OPHTHALMIC DEVICE

Abstract

An ophthalmic device is provided with an illumination optical system configured to irradiate light irradiated from a light source as parallel light to a subject's eye at an oblique angle, the light source is configured to emit coherent light; an image capturing optical system including a light receiving element and configured to capture a reflected image by receiving first reflected light and second reflected light by the light receiving element, the first reflected light being reflected from an anterior surface of a cornea of the subject's eye, the second reflected light being different from the first reflected light and reflected from a posterior surface of the cornea of the subject's eye; and a controller configured to calculate a thickness of the cornea by using the reflected image captured by the image capturing optical system.

Description

TECHNICAL FIELD

The present disclosure relates to an ophthalmic device configured to measure a thickness of a cornea (hereafter, corneal thickness) of a subject's eye.

BACKGROUND

Conventionally, as an ophthalmic device configured to measure a corneal thickness, an ophthalmic device as disclosed in Japanese Patent Application Publication No. 2005-253576 is known. This device measures the corneal thickness by irradiating measurement light at an oblique angle to the subject's eye and using reflected light from an anterior surface of the cornea and reflected light from a posterior surface of the cornea.

SUMMARY

In conventional products, LED (abbreviation for Light-Emitting Diode) is typically used for measurement light for measuring the corneal thickness.
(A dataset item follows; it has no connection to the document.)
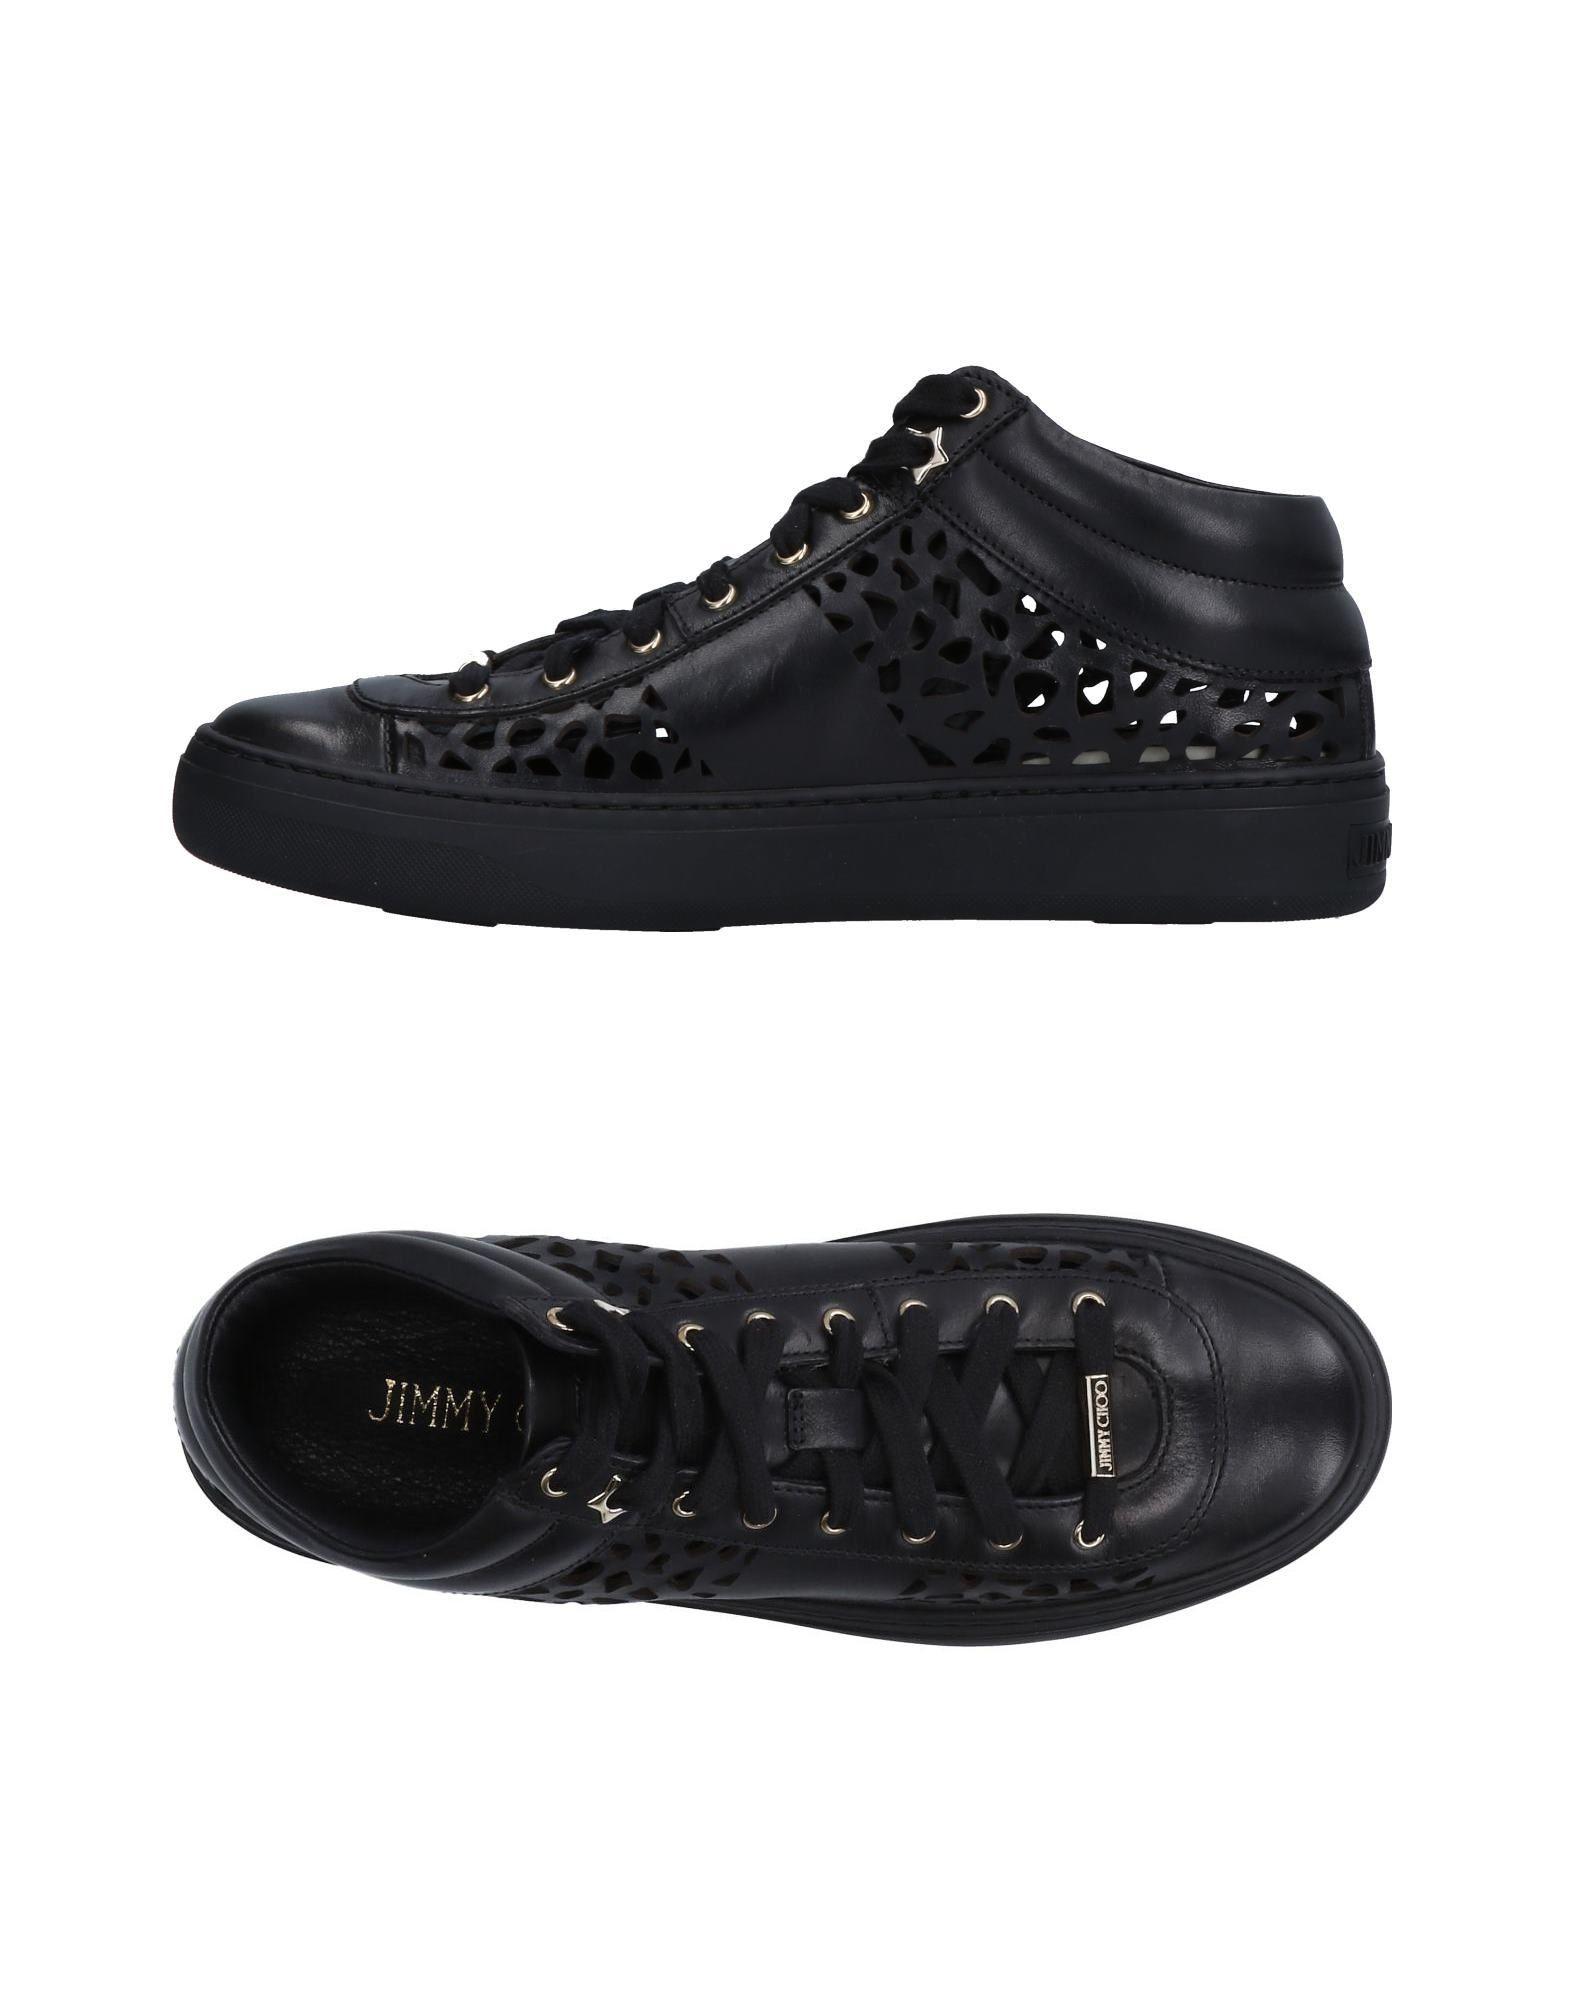 Jimmy Choo Sneakers Damen  11510234UQGünstige gut aussehende Schuhe

However, because LED has a large light emitting size, a light projecting optical system for such LED products resultantly has had a complicated structure that includes a magnification conversion optical system where the measurement light is condensed by a light projection lens after passing through a slit and then irradiated to the cornea of the subject's eye, resulting in an increased number of components.

In light of the above mentioned circumstances, the present disclosure provides an ophthalmic device that has a simpler structure of an optical system by using a light source having a small light emitting size and configured to emit coherent light such that a slit can be done away with.

An ophthalmic device disclosed herein comprises: an illumination optical system configured to irradiate light irradiated from a light source as parallel light to a subject's eye at an oblique angle, the light source being configured to emit coherent light; an image capturing optical system comprising a light receiving element and configured to capture a reflected image by receiving first reflected light and second reflected light by the light receiving element, the first reflected light being reflected from an anterior surface of a cornea of the subject's eye, the second reflected light being different from the first reflected light and reflected from a posterior surface of the cornea of the subject's eye; and a controller configured to calculate a thickness of the cornea by using the reflected image captured by the image capturing optical system.

The light irradiated from the light source may have high spatial coherence.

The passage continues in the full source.